Save results to local files#

bbox_output_path = "data/object_detection/vhr_bboxes"
os.makedirs(bbox_output_path,exist_ok=True)
for task in list_tasks:
    params = {'task_id': task}
    response = requests.get(os.path.join(od_api,"api/v1/yolov8/obb/detect"), headers=headers, params=params)
    results = response.json()
    results = results["results"]
    for res in results:
        result_url = res["result_url"]
        if result_url is not None:
            fname = get_filename_from_url(result_url)
            output_fname = os.path.join(bbox_output_path,fname)
            download_txtfile_from_url(result_url,output_fname)
File downloaded successfully as data/object_detection/vhr_bboxes/patch_209.txt
File downloaded successfully as data/object_detection/vhr_bboxes/patch_465.txt
File downloaded successfully as data/object_detection/vhr_bboxes/patch_143.txt
File downloaded successfully as data/object_detection/vhr_bboxes/patch_176.txt
File downloaded successfully as data/object_detection/vhr_bboxes/patch_598.txt
File downloaded successfully as data/object_detection/vhr_bboxes/patch_338.txt
File downloaded successfully as data/object_detection/vhr_bboxes/patch_487.txt

Visualize the results using Dash Plotly if you are running this notebook on your machine#

import colorsys
import io
import dash
from dash import dcc, html
import dash_daq as daq
from dash.dependencies import Input, Output
import os
import cv2
import base64
from PIL import Image
import numpy as np

CATEGORIES = {
    "plane": 0,
    "ship": 1,
    "storage-tank": 2,
    "baseball-diamond": 3,
    "tennis-court": 4,
    "basketball-court": 5,
    "ground-track-field": 6,
    "harbor": 7,
    "bridge": 8,
    "large-vehicle": 9,
    "small-vehicle": 10,
    "helicopter": 11,
    "roundabout": 12,
    "soccer-ball-field": 13,
    "swimming-pool": 14,
    "container-crane": 15,
    "airport": 16,
    "helipad": 17,
}

app = dash.Dash(__name__)

image_directory = "data/object_detection/tiles"

annotation_directory = "data/object_detection/vhr_bboxes"

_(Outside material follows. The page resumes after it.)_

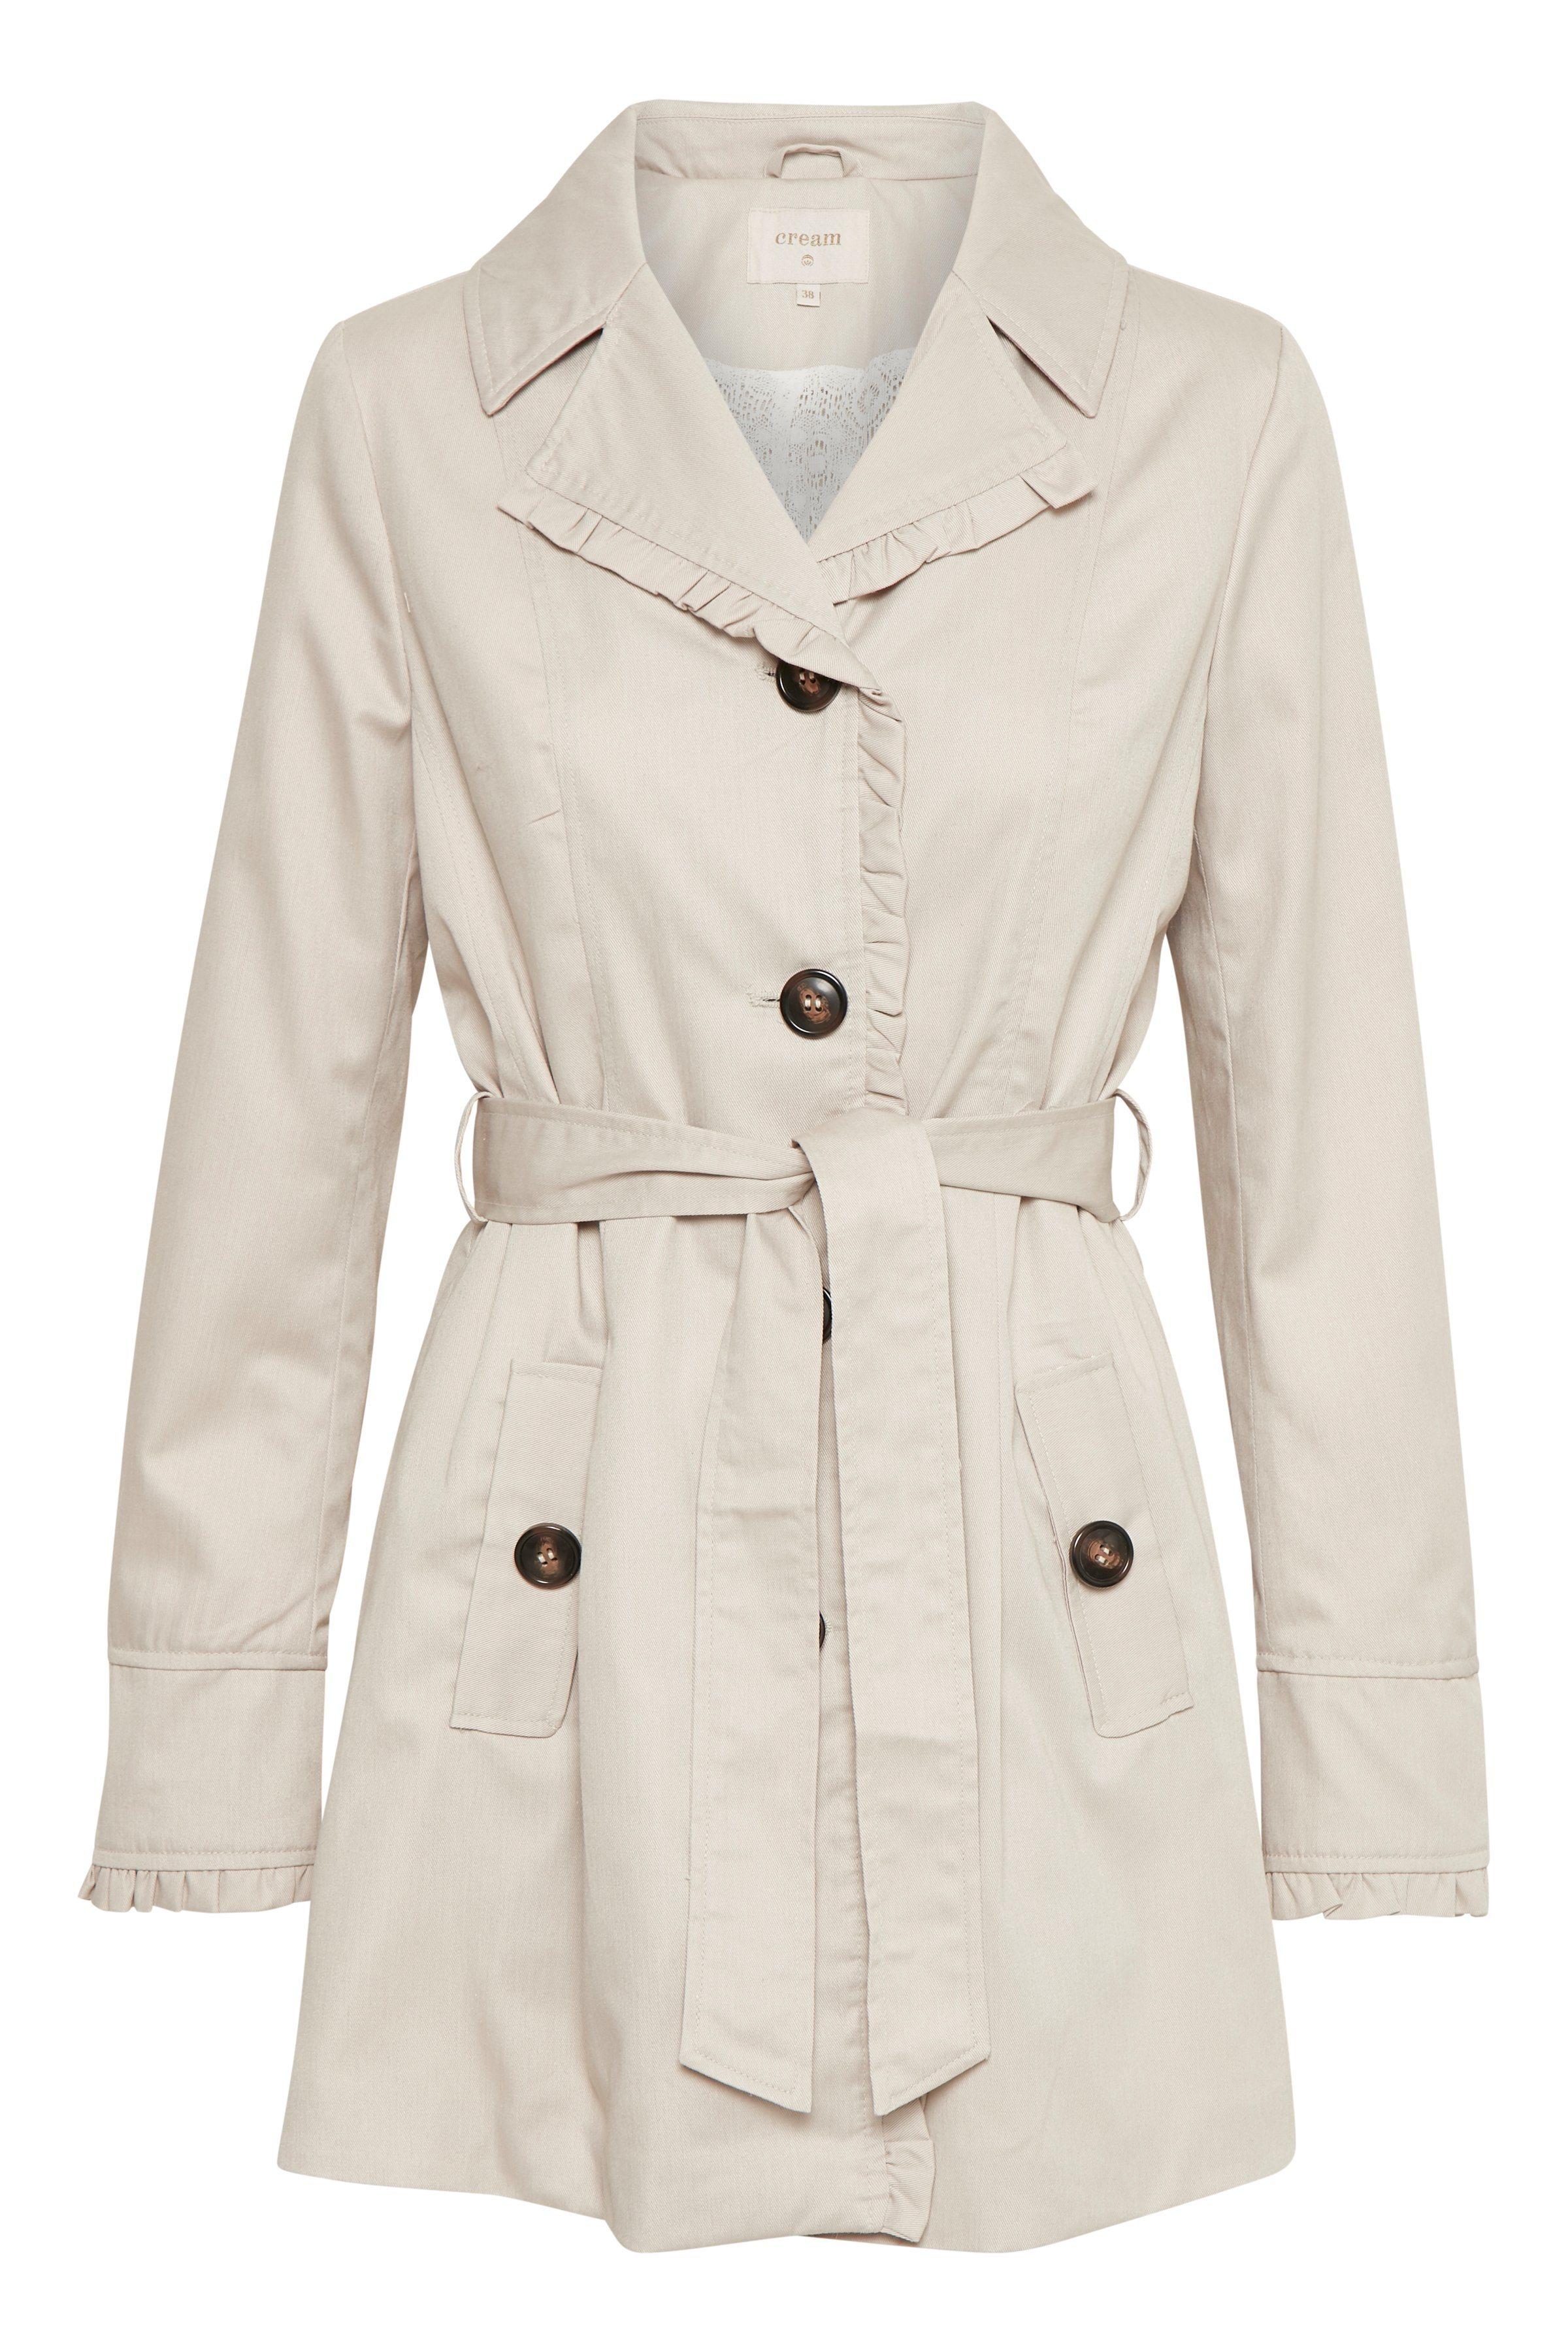 Cream Trenchcoat »Noa« | Bekleidung > Mäntel > Trenchcoats | Cream

def generate_class_colors(num_classes):
    hsv_colors = [(x * 1.0 / num_classes, 1.0, 1.0) for x in range(num_classes)]
    rgb_colors = [
        tuple(int(255 * y) for y in colorsys.hsv_to_rgb(*color)) for color in hsv_colors
    ]
    return rgb_colors

def get_image_options():
    images = []
    annotations_paths = []
    for filename in os.listdir(image_directory):
        if filename.endswith((".png", ".jpg", ".jpeg",".tif")):
            annotation_filename = os.path.splitext(filename)[0] + ".txt"
            annotation_path = os.path.join(annotation_directory, annotation_filename)
            if os.path.exists(annotation_path):
                images.append(filename)
                annotations_paths.append(annotation_path)
    return [
        {"label": image, "value": annotation_path}
        for image, annotation_path in zip(images, annotations_paths)
    ]


num_classes = len(CATEGORIES)

class_colors = generate_class_colors(num_classes)

app.layout = html.Div(
    [
        html.H1("Image Annotation Viewer", style={"text-align": "center"}),
        dcc.Dropdown(
            id="image-dropdown",
            options=get_image_options(),
            multi=False,
            value=get_image_options()[0]["value"],
            style={"width": "50%", "margin": "auto", "margin-top": "20px"},
        ),
        html.H3("Toggle annotation"),
        html.Div(
            daq.ToggleSwitch(id="annotation-toggle", value=True),
            style={"width": "50%", "margin": "auto", "margin-top": "20px"},
        ),
        html.H3("Toggle label"),
        html.Div(
            daq.ToggleSwitch(id="label-toggle", value=True),
            style={"width": "50%", "margin": "auto", "margin-top": "20px"},
        ),
        html.Div(
            [
                html.Img(
                    id="image-display", style={"width": "100%", "margin-top": "20px"}
                )
            ],
            style={"text-align": "center"},
        ),
    ],
    style={"font-family": "Arial", "background-color": "#f5f5f5", "padding": "20px"},
)

@app.callback(
    Output("image-display", "src"),
    Input("image-dropdown", "value"),
    Input("annotation-toggle", "value"),
    Input("label-toggle", "value"),
)
def update_image(selected_annotation_path, show_annotation, show_label):
    if selected_annotation_path is None:
        return
    image_filename = (
        os.path.basename(selected_annotation_path).split(".txt")[0] + ".tif"
    )
    image_path = os.path.join(image_directory, image_filename)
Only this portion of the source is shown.